EXERCISE DIRECTIONS | All of the data should be restated word for word, with the pictures omitted.

THE DATA |

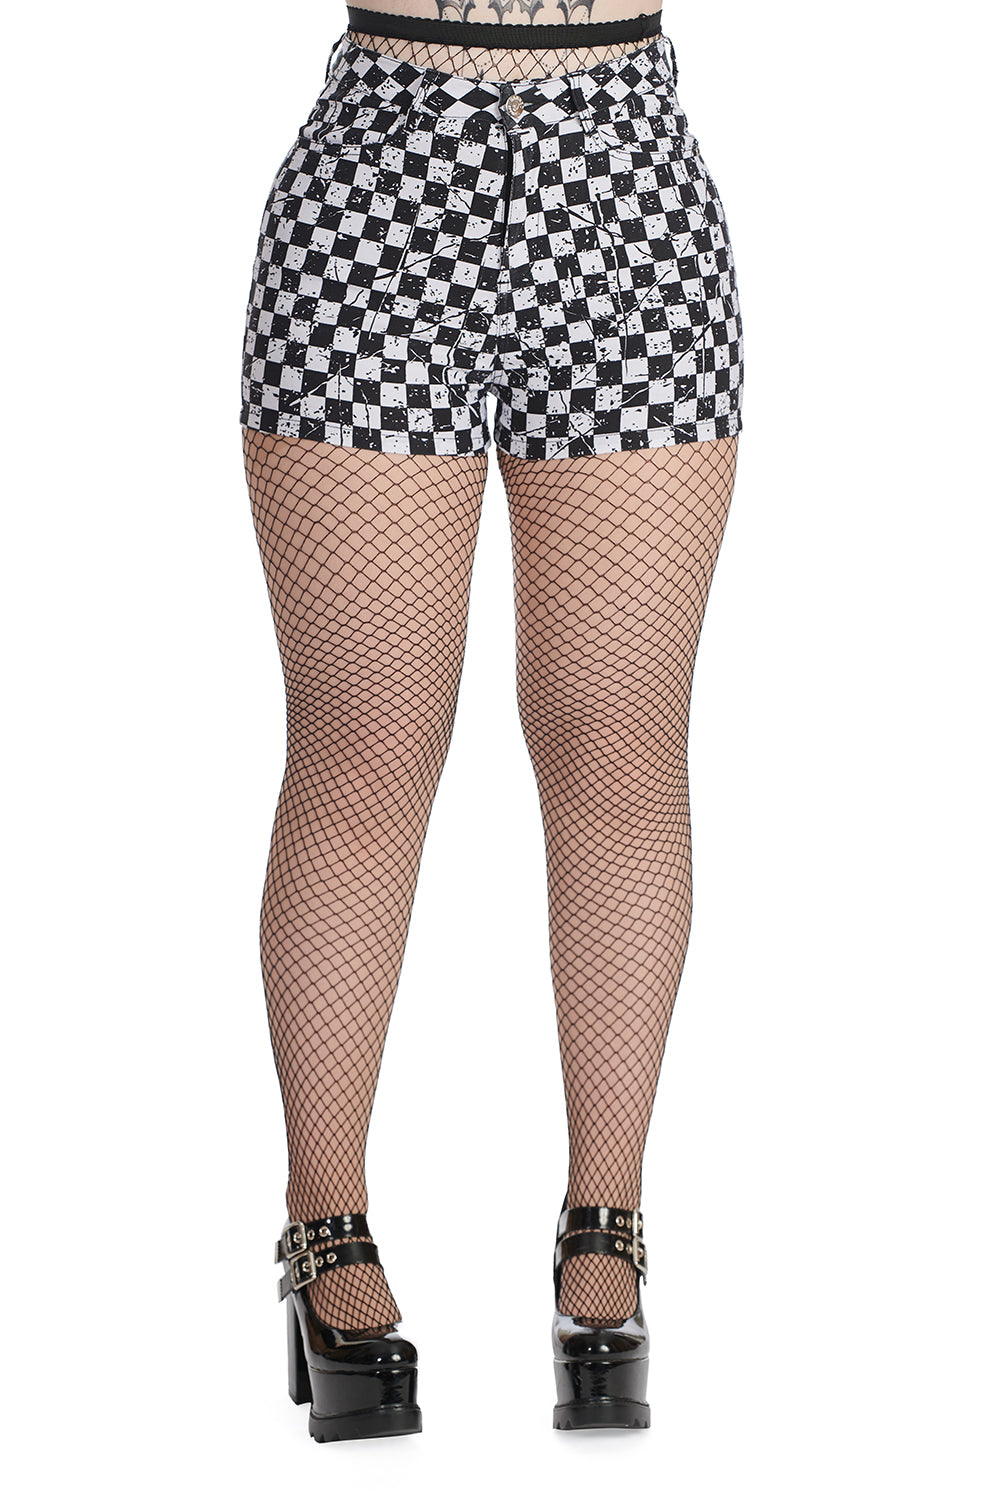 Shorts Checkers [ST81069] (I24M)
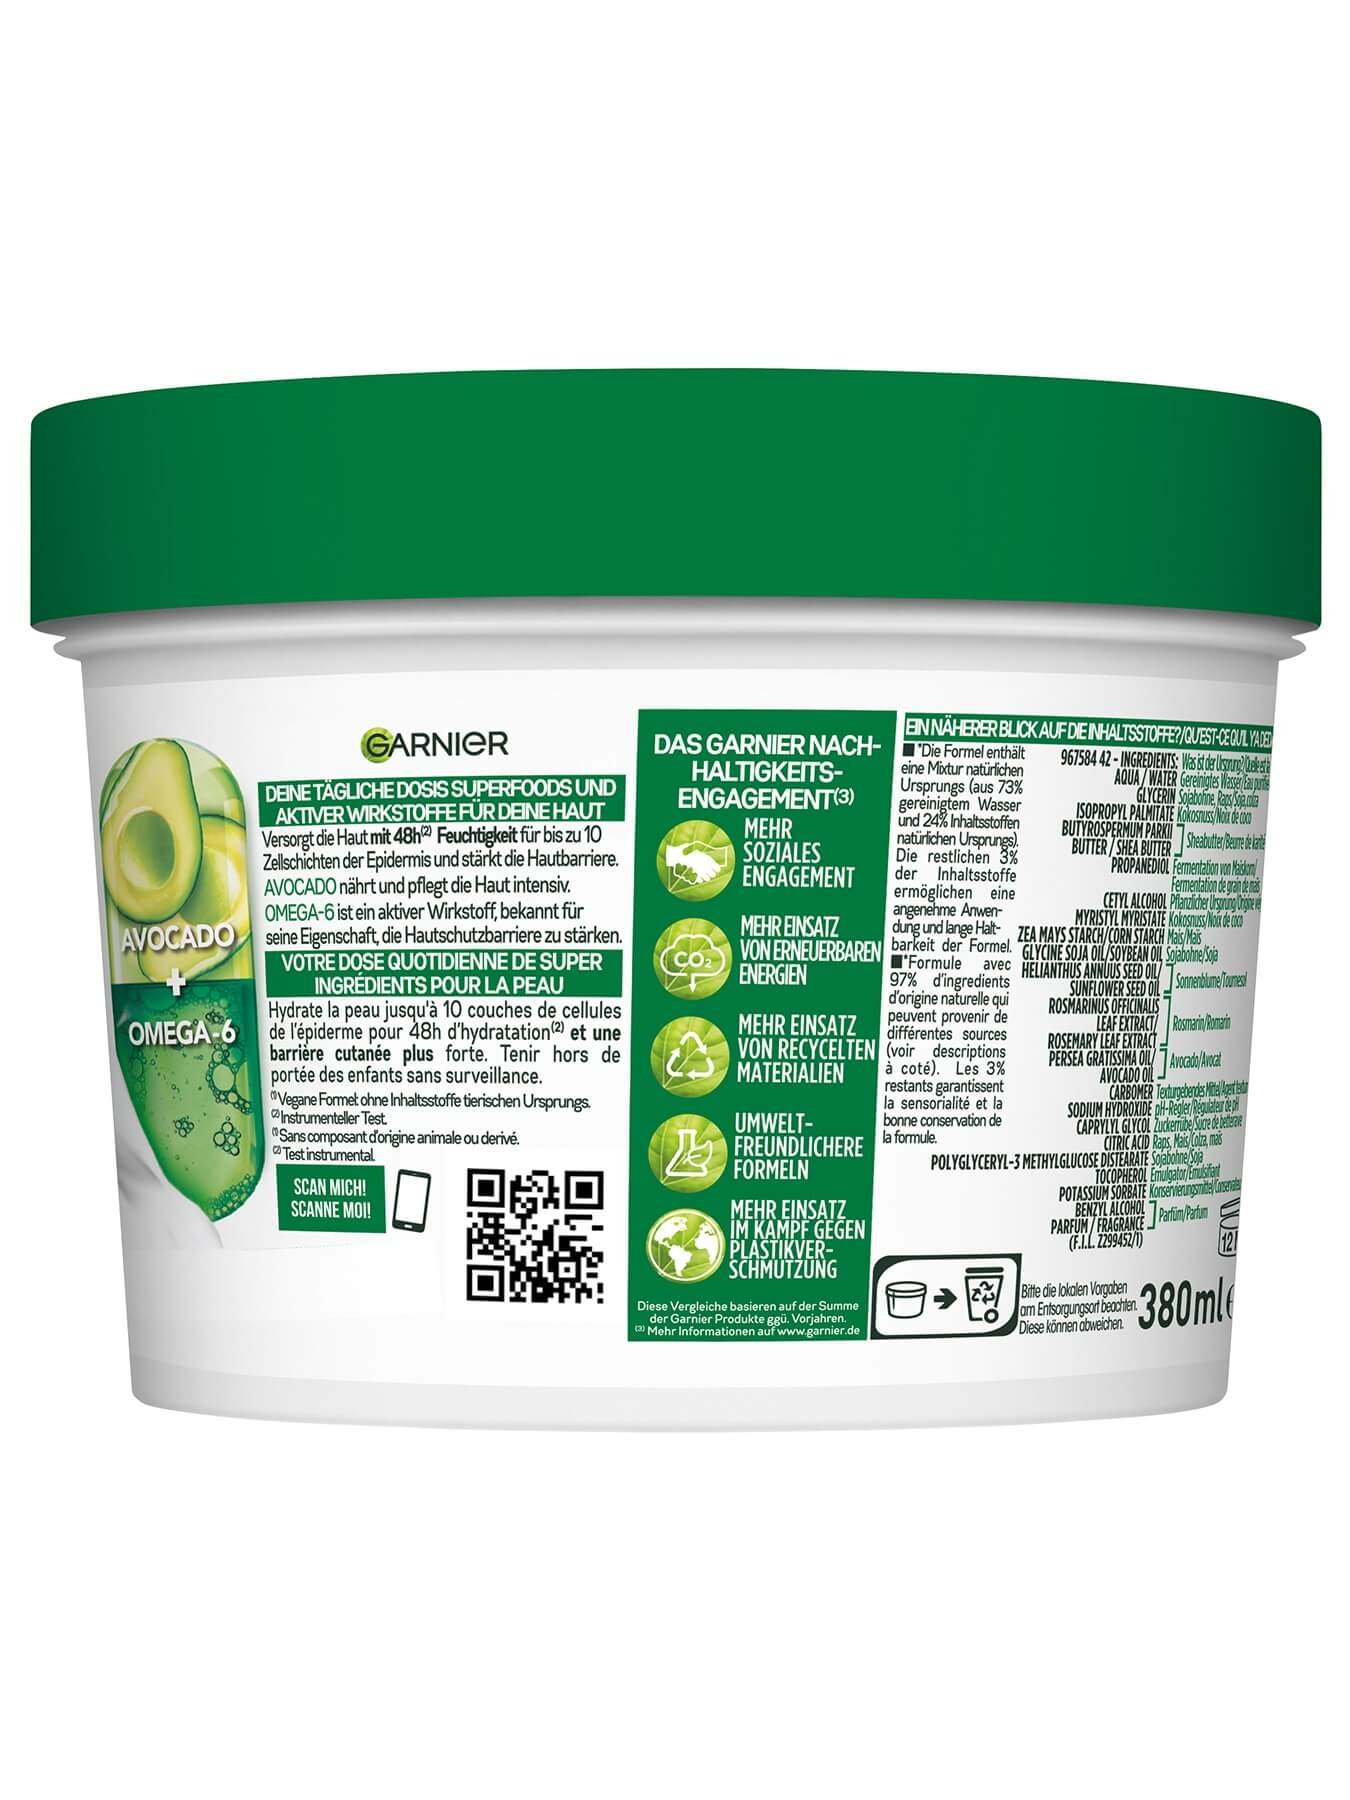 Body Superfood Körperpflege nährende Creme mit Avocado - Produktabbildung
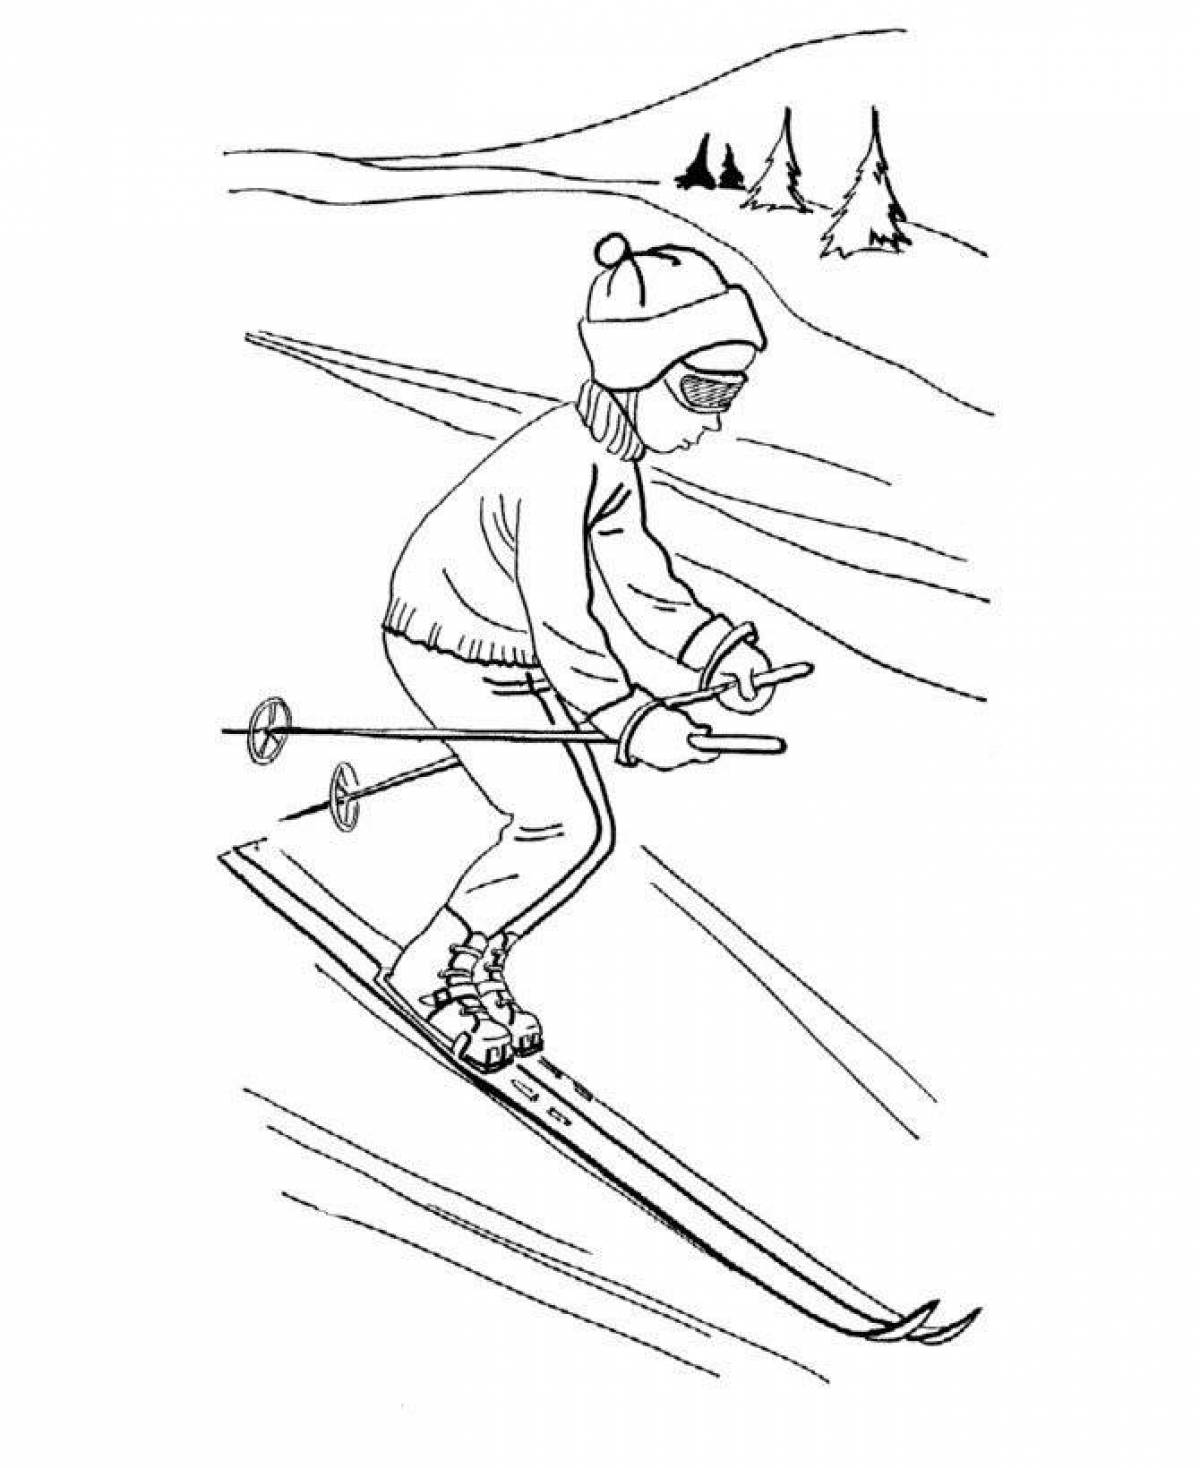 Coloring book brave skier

ANSWER TO THIS TASK |
 Shorts Checkers [ST81069] (I24M)
 Body Superfood Körperpflege nährende Creme mit Avocado - Produktabbildung
 Coloring book brave skier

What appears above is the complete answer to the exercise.